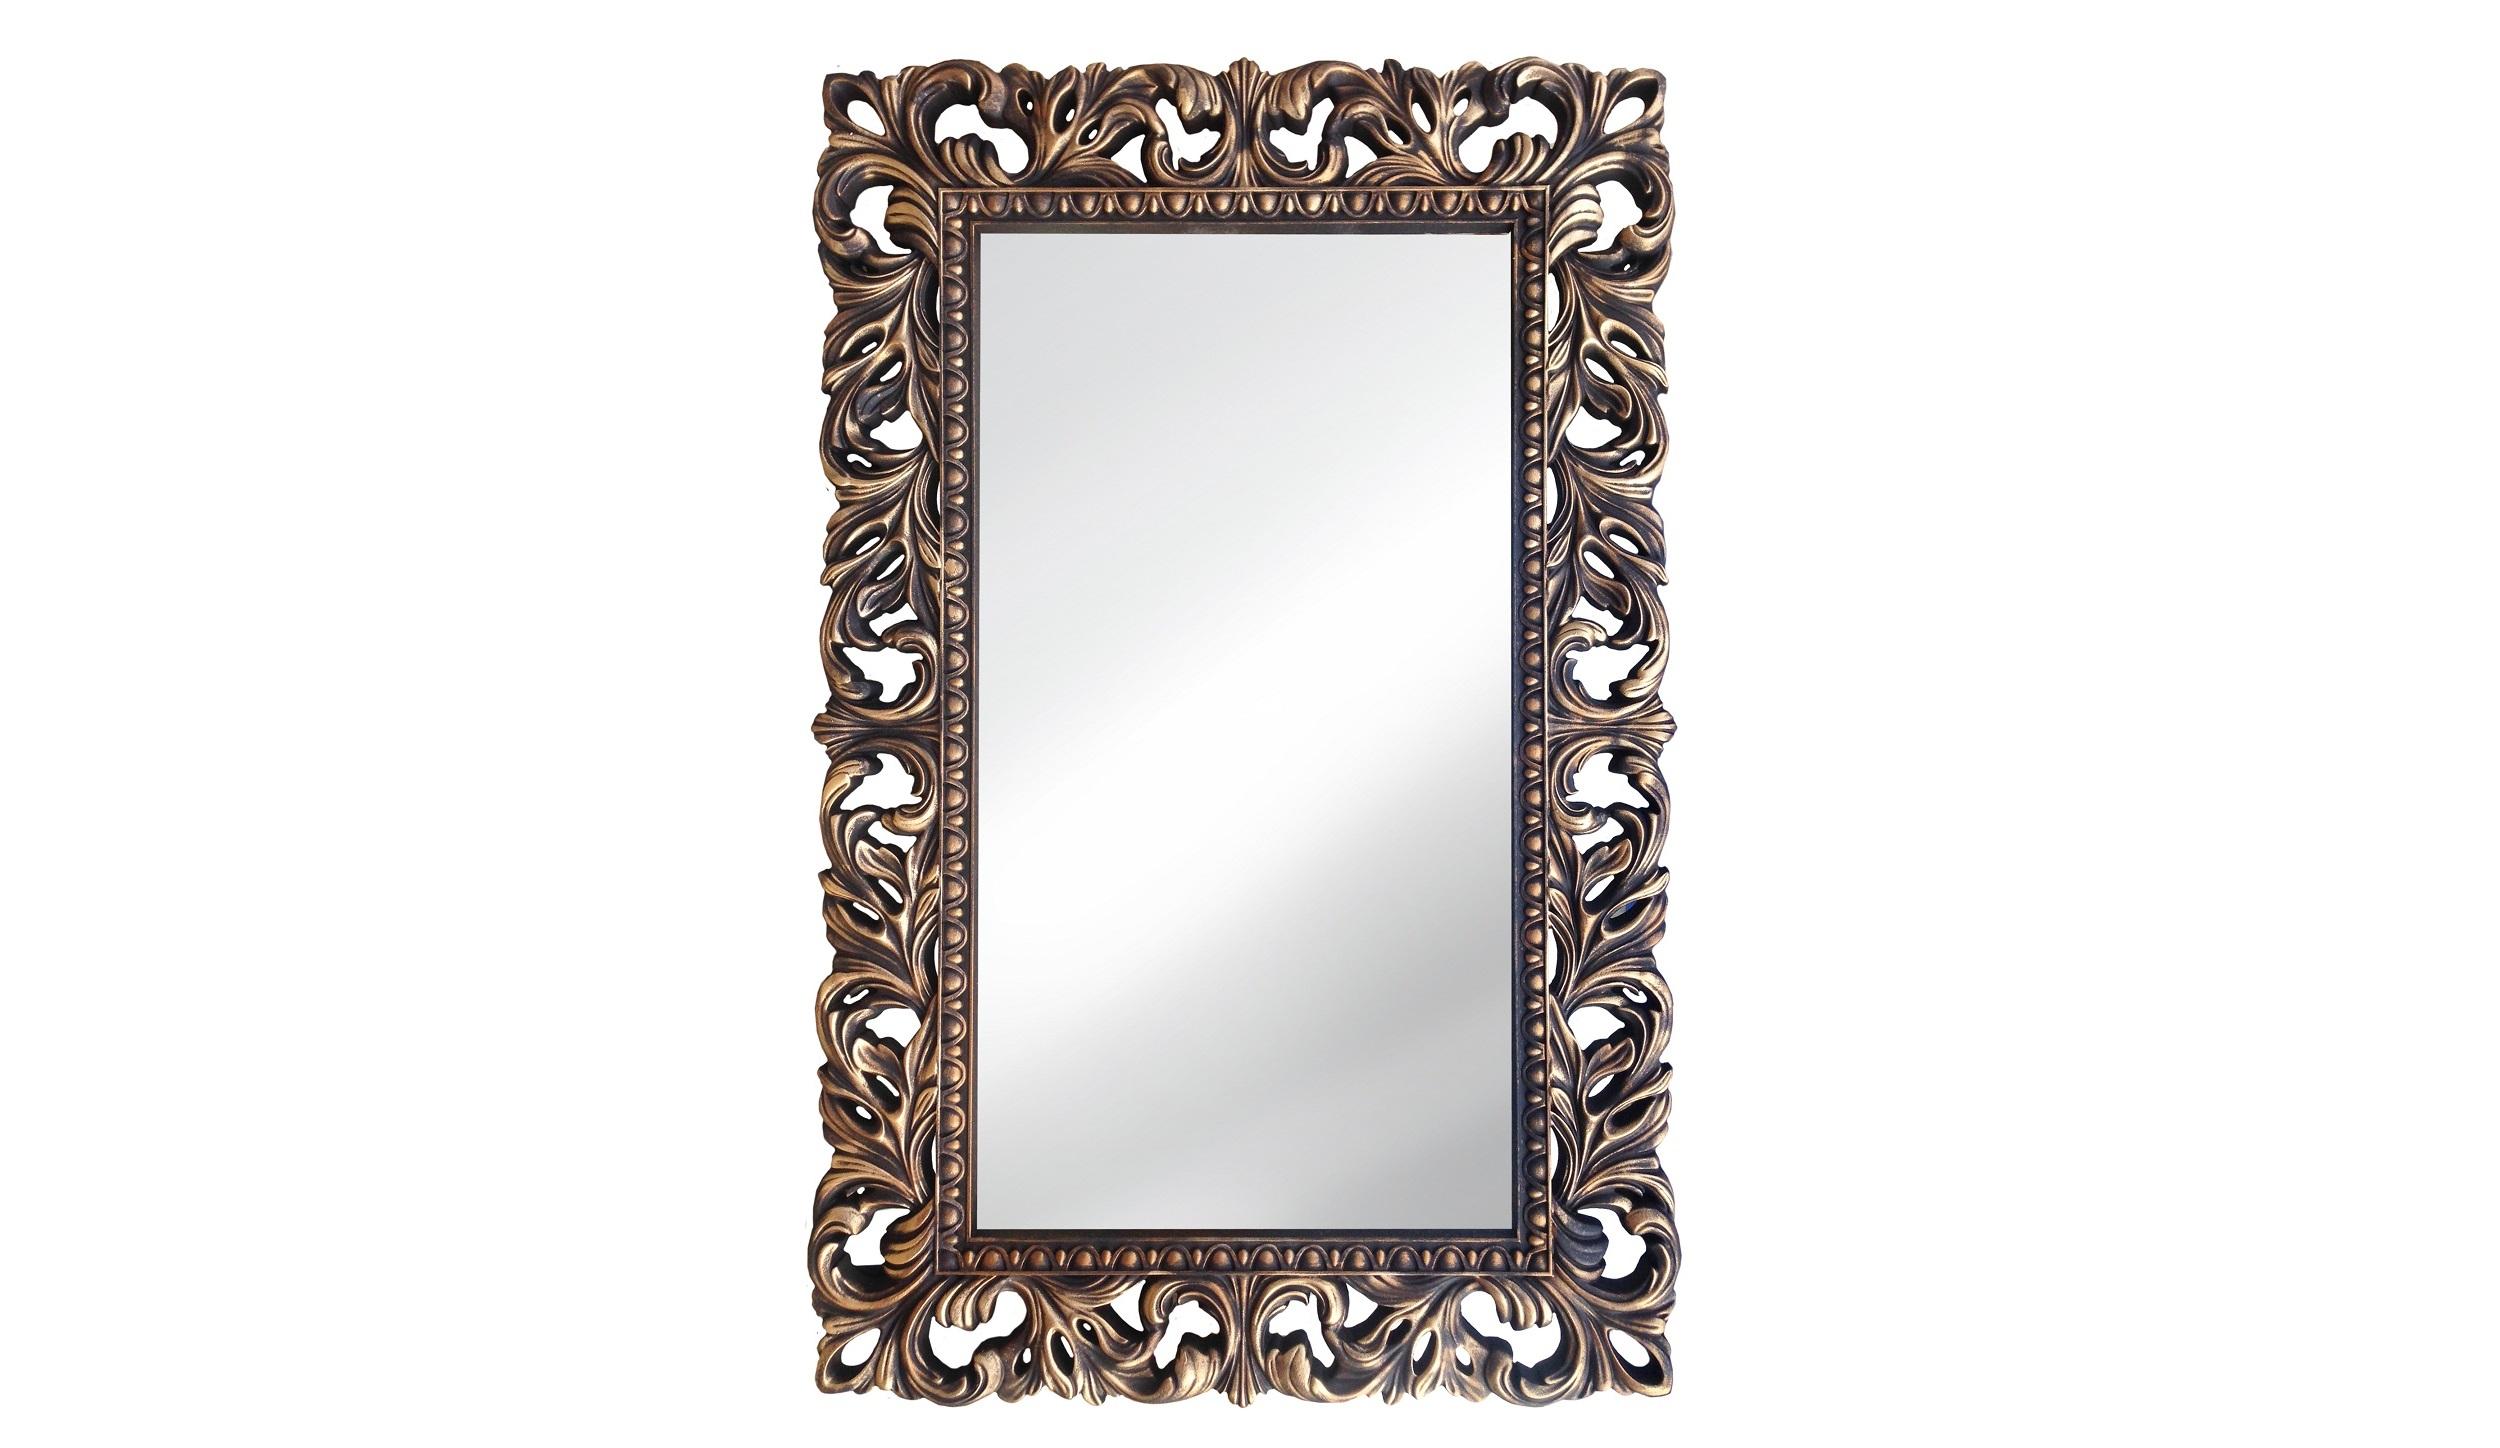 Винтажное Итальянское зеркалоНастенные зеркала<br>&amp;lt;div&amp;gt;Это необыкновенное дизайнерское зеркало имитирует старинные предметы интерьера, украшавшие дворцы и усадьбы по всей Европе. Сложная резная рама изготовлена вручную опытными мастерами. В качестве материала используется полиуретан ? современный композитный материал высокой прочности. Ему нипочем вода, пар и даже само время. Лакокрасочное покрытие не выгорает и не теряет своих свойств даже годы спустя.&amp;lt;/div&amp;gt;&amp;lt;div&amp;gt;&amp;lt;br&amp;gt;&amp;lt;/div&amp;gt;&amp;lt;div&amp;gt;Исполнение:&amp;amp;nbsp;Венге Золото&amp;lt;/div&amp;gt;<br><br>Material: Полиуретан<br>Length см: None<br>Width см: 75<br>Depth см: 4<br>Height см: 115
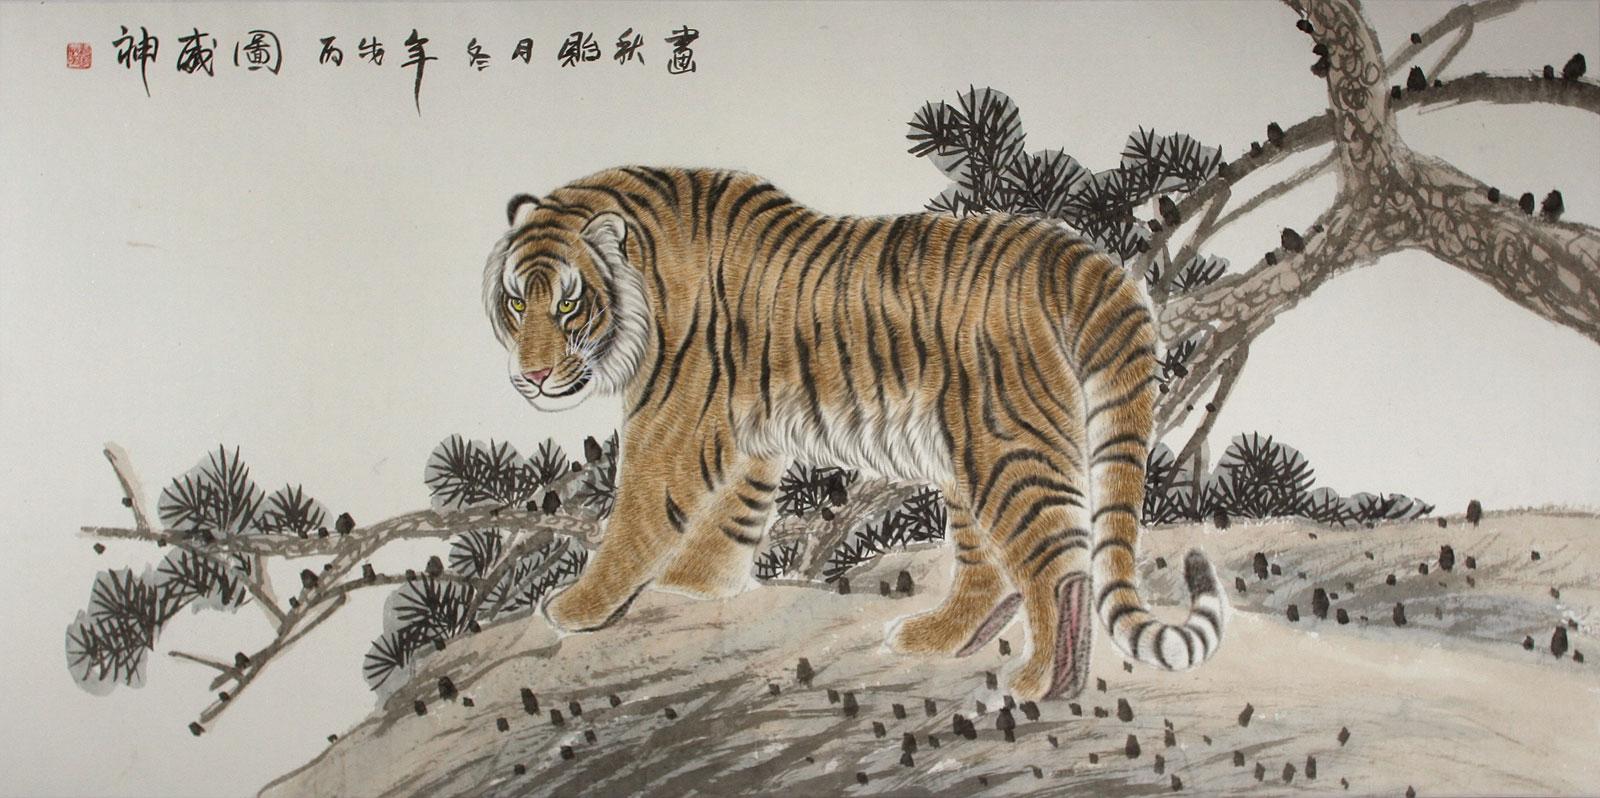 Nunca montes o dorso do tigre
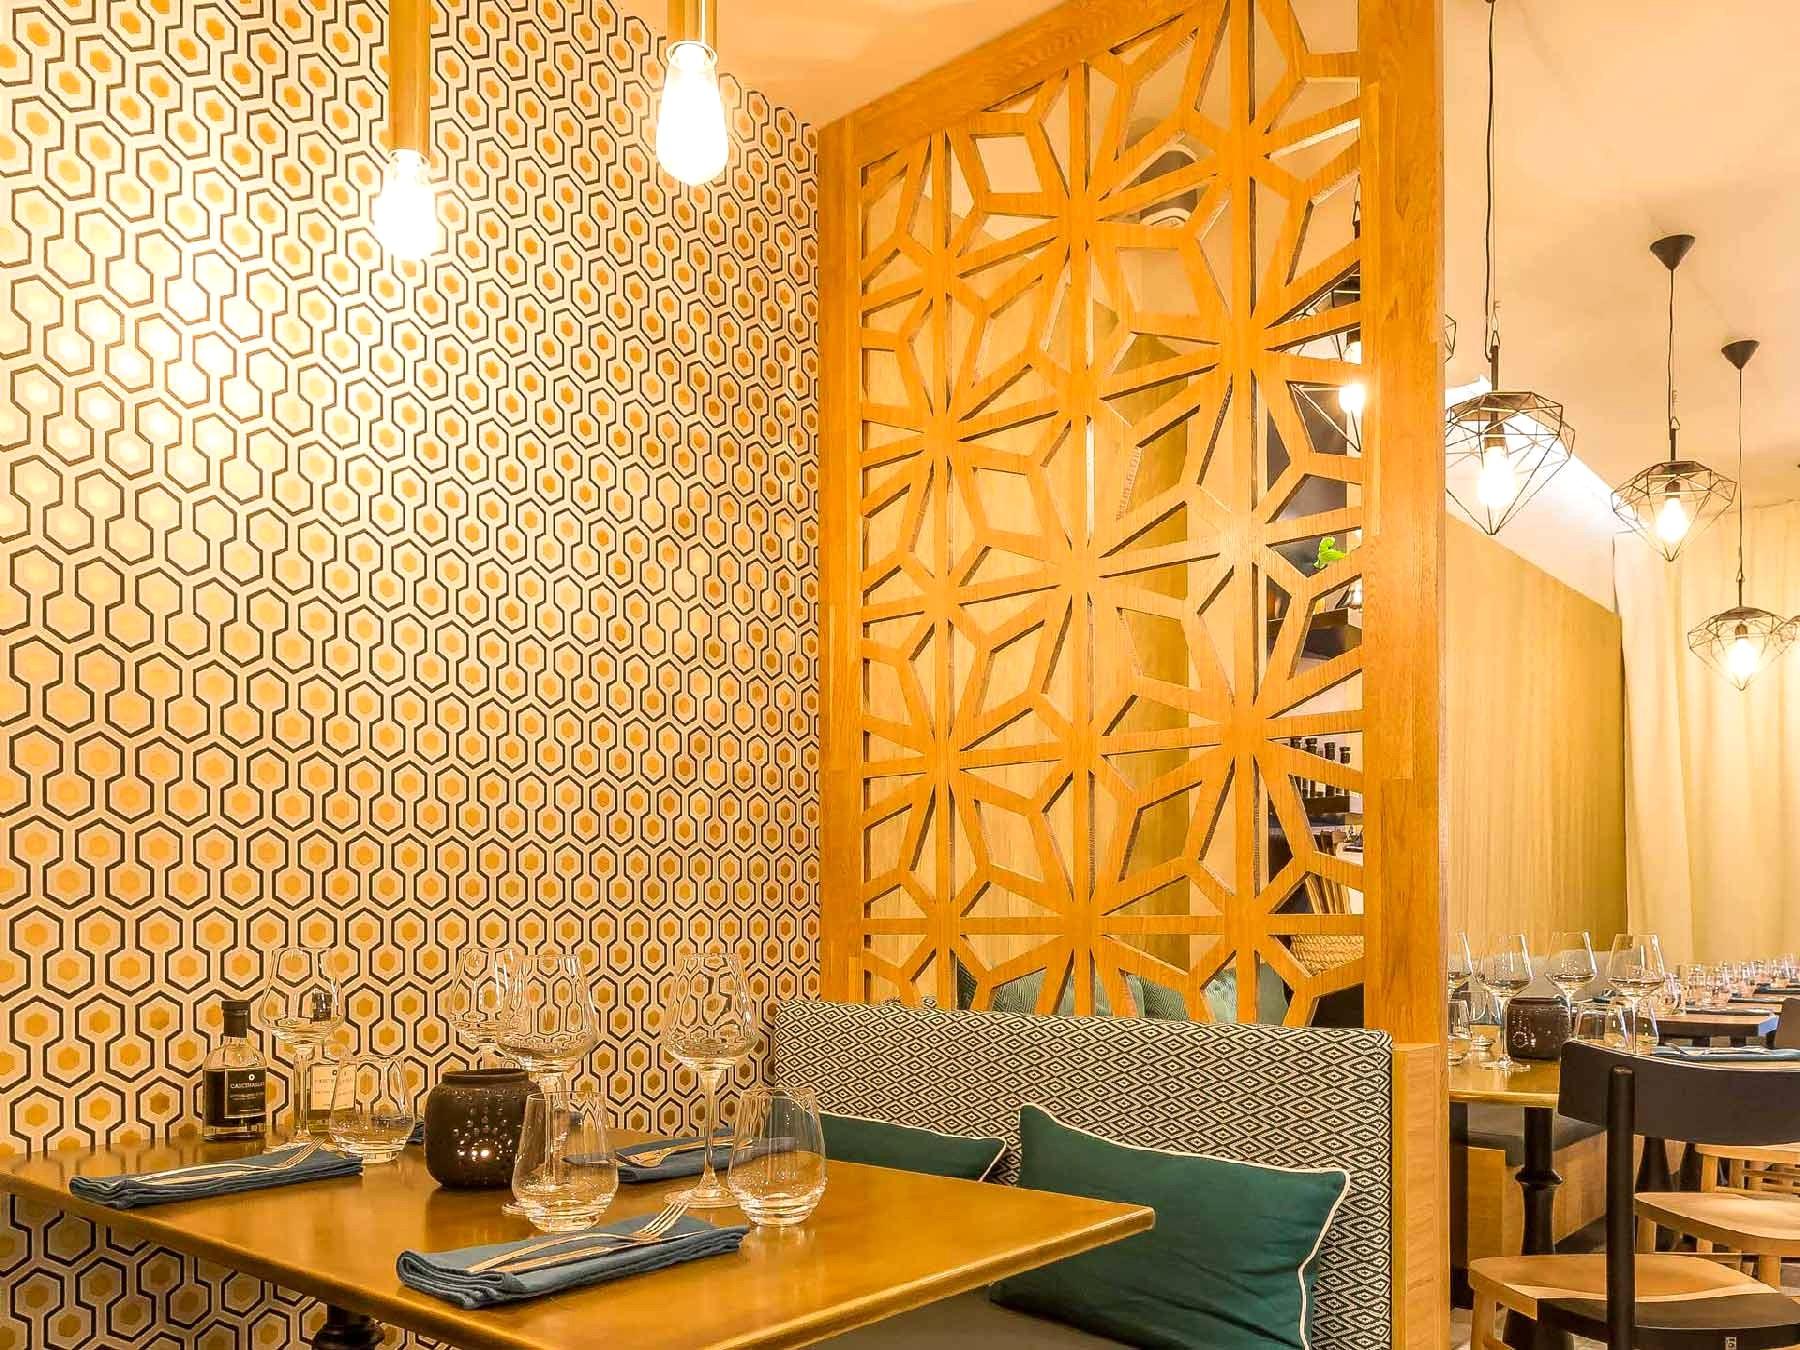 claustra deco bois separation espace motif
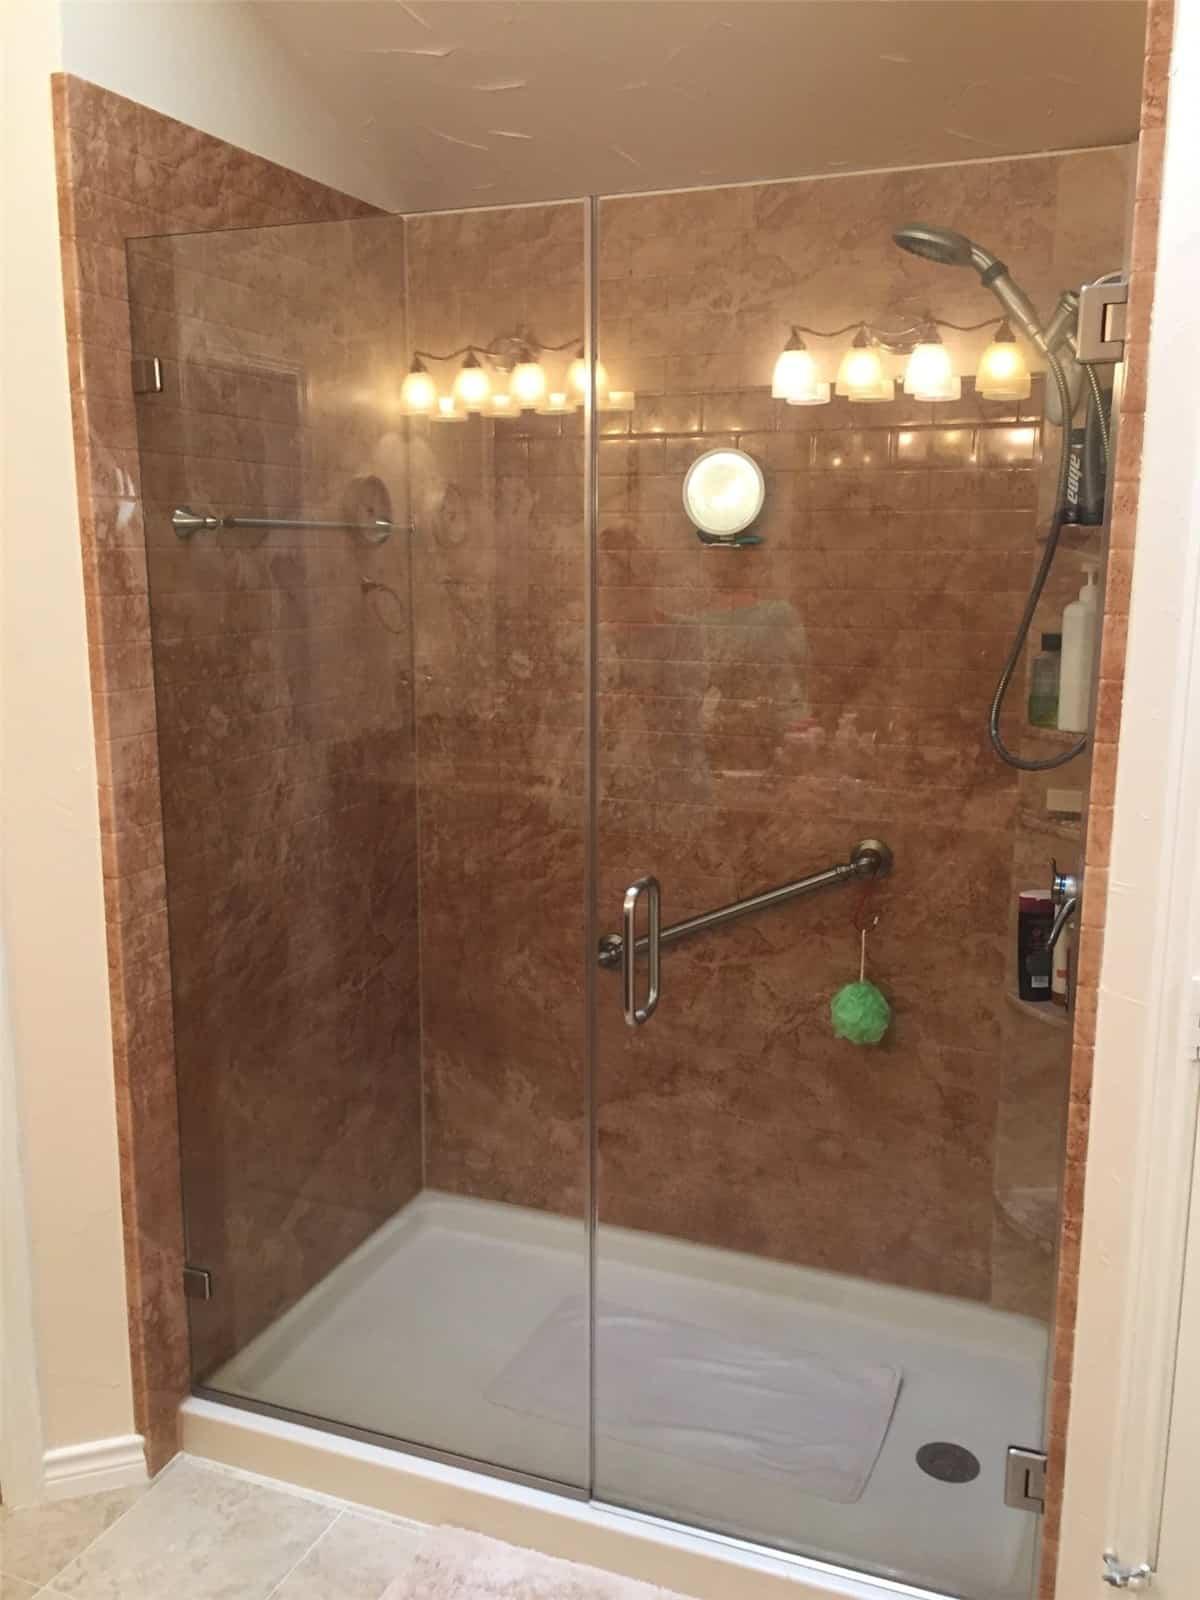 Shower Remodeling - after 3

----

Exercise directions:
Pictures are to be omitted. Print exactly the lines from the line containing "claustra deco bois separation espace motif" through the final line of the material above, both included.

Answer space:
 claustra deco bois separation espace motif
 Shower Remodeling - after 3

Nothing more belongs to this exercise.